Example pairwise indep. does’nt imply indep.

X1, X2 ~ Bern(p)。 iid, X3 = 1 if X1 = X2, X3 = 0 otherwise. X1, X2 是兩次不同的投擲硬幣正面或反面結果;X3為1如果兩次相同,否則X3為0 這些是兩兩獨立, 但是非獨立。 case 1: 知道X1, 但X2仍是 0 / 1 一半一半機率 - X1 vs X2 為獨立 case 2: 知道X1, 但X3仍是 0 / 1 一半一半機率 - X1 vs X3 為獨立 case 3: 知道X1 & X2 即可確定X3 - X1,X2 vs X3 為 非獨立

Normal (Gaussian) Distribution

CLT (Central Limit Theorem): Sum of a lot of i.i.d. r.v. looks like a Normal Distribution

N(0,1) : Notation means MEAN is 0, and VARIANCE is 1.
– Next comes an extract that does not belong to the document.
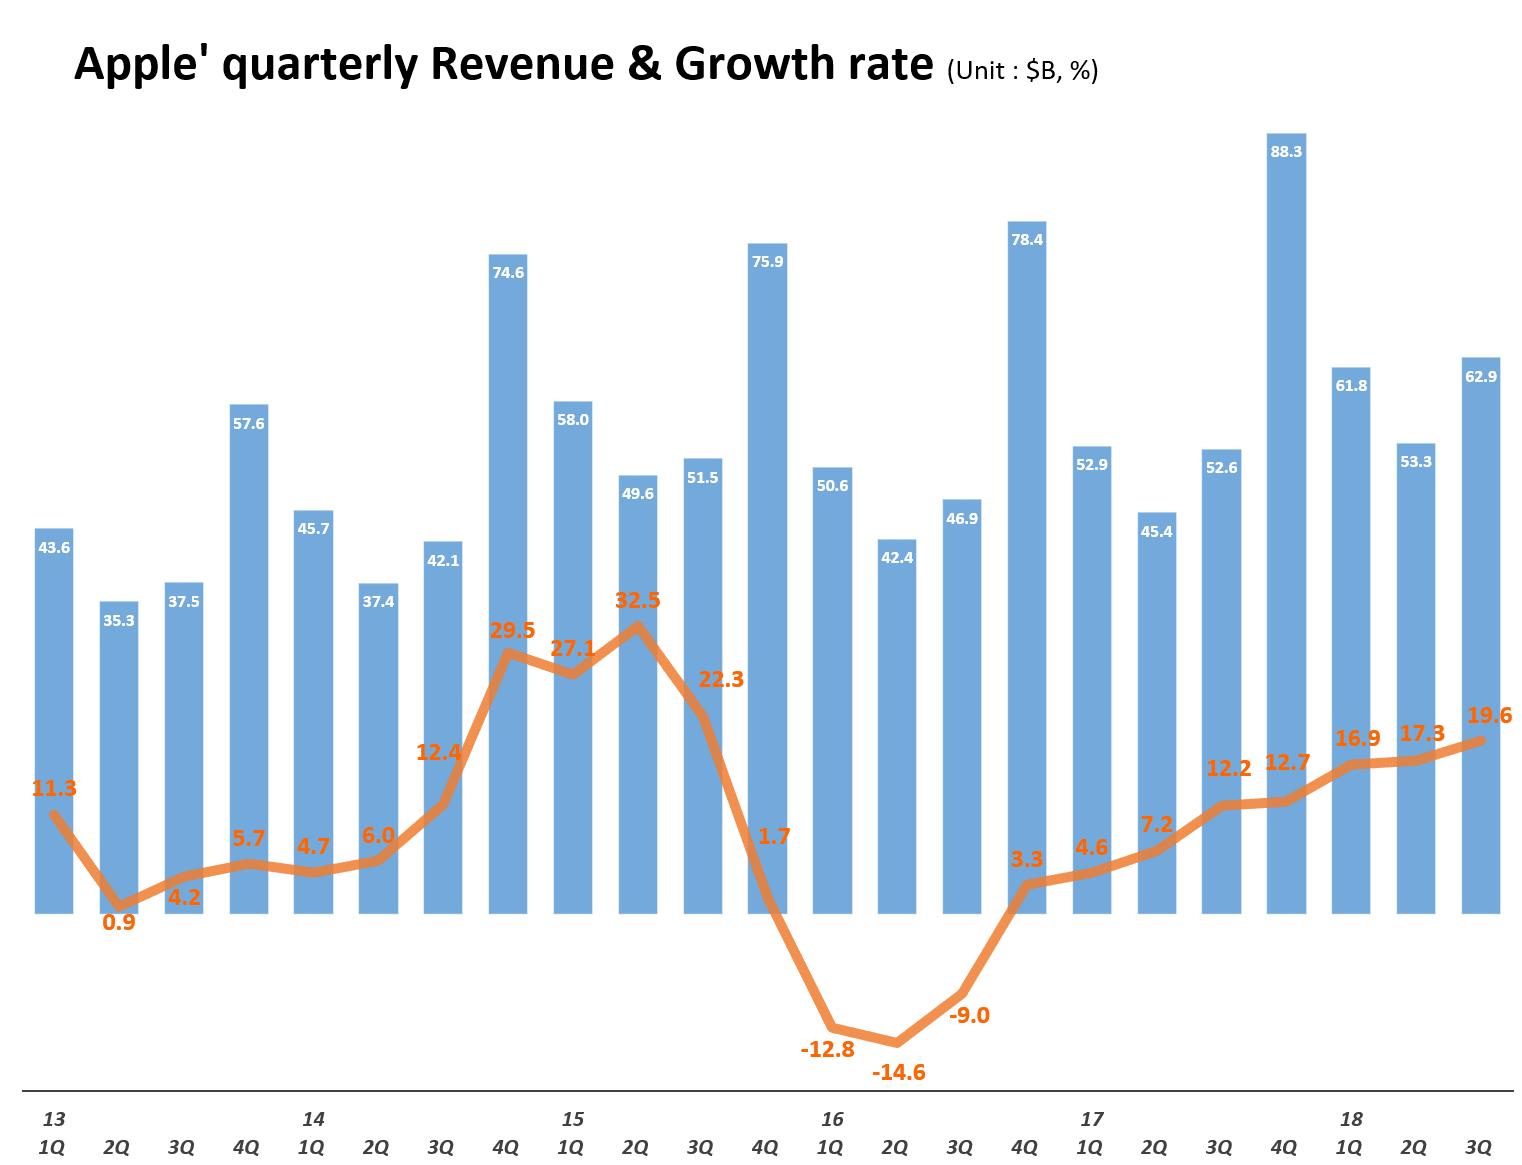 분기별 애플 매출 및 전년 비 성장율 추이(2013년 1분기~2018년 3분기) Quarterly Apple' quarterly Revenue & Growth rate, Graph by Happist

N(0,1) has PDF: \(f(z) = c \ e^{\frac{-z^2}{2}}\)

  • z: using z as convention for Normal
  • c: normalizing constant to make the area 1

Question: c = ?

\[\int_{-\infty}^{\infty} e^{\frac{-z^2}{2}} d_z \\ \begin{align} \int_{-\infty}^{\infty} e^{\frac{-z^2}{2}} d_z \int_{-\infty}^{\infty} e^{\frac{-z^2}{2}} d_z & = \int_{-\infty}^{\infty} e^{\frac{-x^2}{2}} d_x \int_{-\infty}^{\infty} e^{\frac{-y^2}{2}} d_y \\ & = \int_{-\infty}^{\infty} \int_{-\infty}^{\infty} e^{\frac{-(x^2+y^2)}{2}} d_x \ d_y \\ & = \int_{0}^{2\pi} \int_{0}^{\infty} e^{\frac{-r^2}{2}} \ r \ d_r \ d_\theta \\ & = \int_{0}^{2\pi} \left( \int_{0}^{\infty} e^{-u} \ d_u \right) d_\theta \\ & = \int_{0}^{2\pi} \left( 1 \right) d_\theta \\ & = 2\pi \end{align}\] \[\int_{-\infty}^{\infty} e^{\frac{-z^2}{2}} d_z = \sqrt{2\pi} \\ c = \frac{1}{\sqrt{2\pi}}\]

r^2 = x^2 + y^2 Pythagorean theorem

multiply by jacobian ? let u=r^2/2, du=rdr

Mean :

\[E \sim N(0,1), EZ = \frac{1}{\sqrt{2\pi}} \int_{-\infty}^{\infty} Z \ e^{\frac{-z^2}{2}} d_z = 0 \\\]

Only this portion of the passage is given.